The game doesn't have a ton of stages, but each stage is large and interesting to explore. In most stages, your goal is to find the keystones, but there are also multiple kinds of collectibles scattered throughout the stages. Some are located in obvious locations, and some can only be found by slithering into every nook and cranny. Finish a stage with minimal collectibles, and it still praises you. Finishing the game unlocks Snake Vision, which makes it easier to find collectibles when you replay.

Snake Pass has simple visuals, but they're rather appealing. Noodle is bright and colorful and conveys a surprising amount of personality for such a simple character. The stages are basic but colorful, and everything in the game is clearly communicated, which makes it a delight to explore. The game really shines in its peppy and cheerful music.
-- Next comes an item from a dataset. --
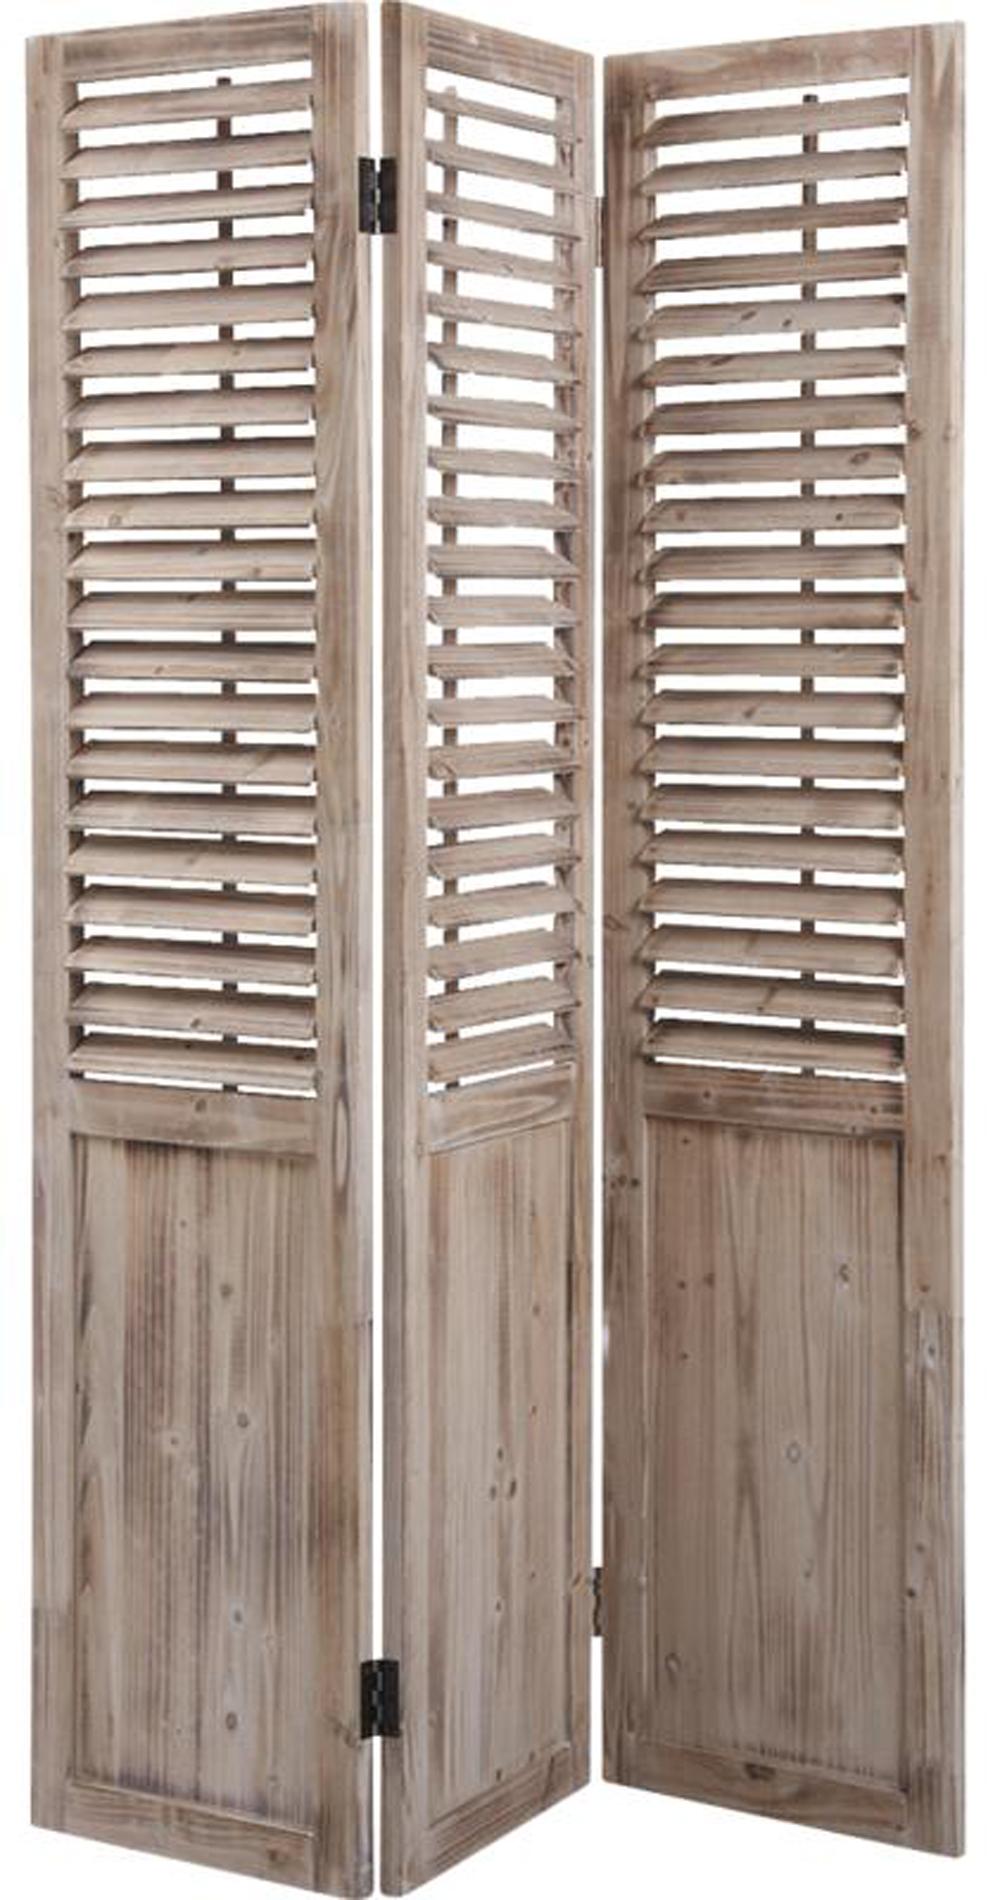 paravent en bois vieilli avec persiennes mobiles de 3 panneaux. Black Bedroom Furniture Sets. Home Design Ideas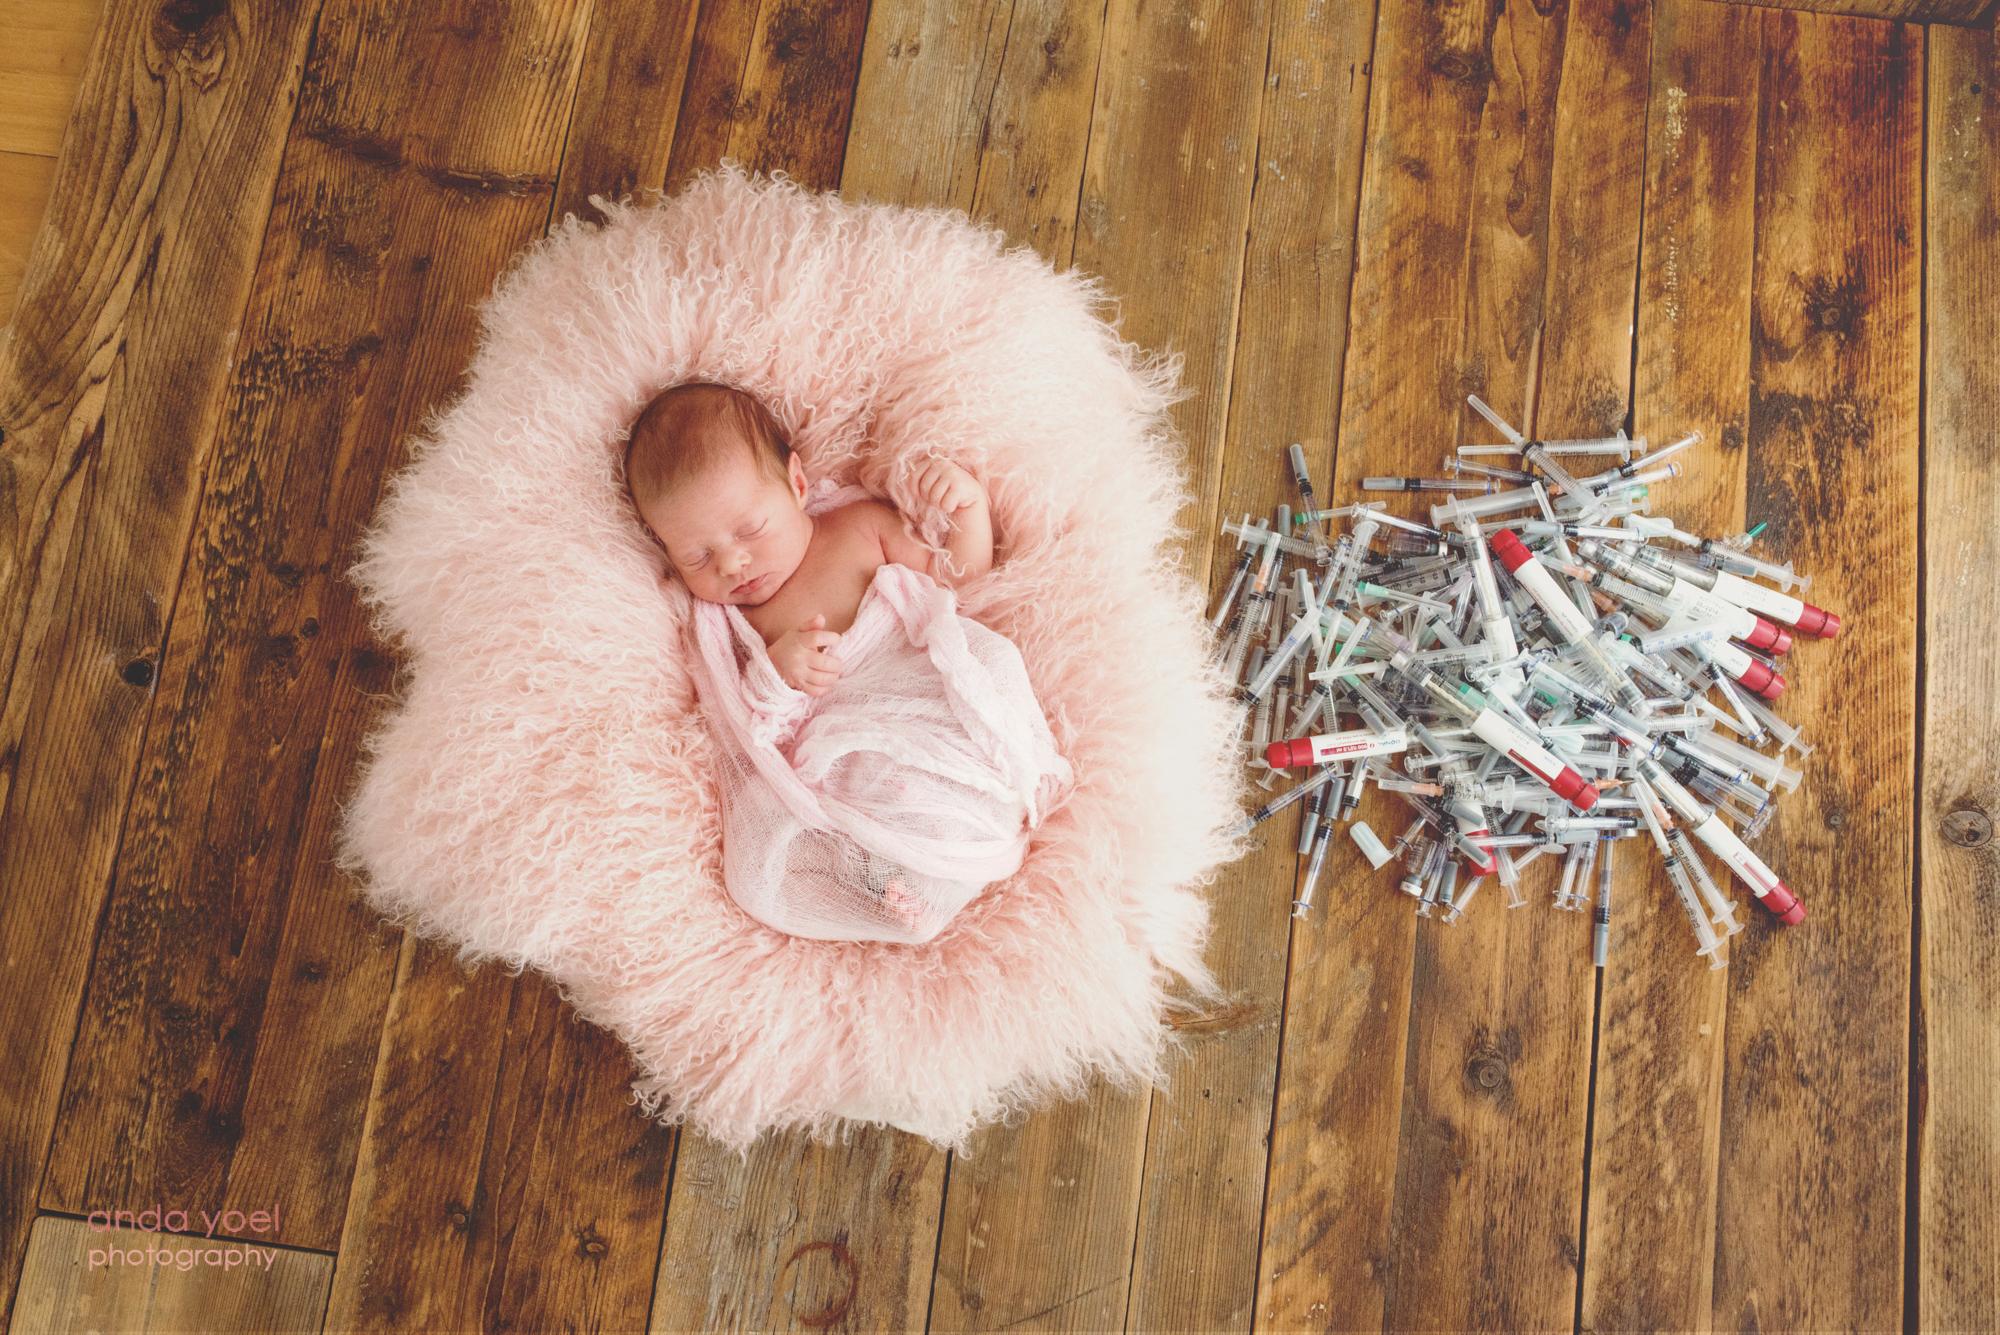 תינוקת ניובורן שנולדה לאחר טיפולי פוריות ישנה בתוך פרווה נעימה ורודה ליד מזרקי טיפולי הפוריות - צילום אנדה יואל

Provided by former Rare vet David Wise, it's a cheerful mix of songs that adds flavor to the game and elevates the simple graphics and gameplay.

Snake Pass is a charming and distinctly different game, which mostly works in its favor. You won't find the platformer-without-jumping mechanics in any other game on the market. The downside is that the gameplay mechanic can quickly go from fun to frustrating. It's a game with a ton of personality, and those with the patience to work around its flaws will find a lot to like.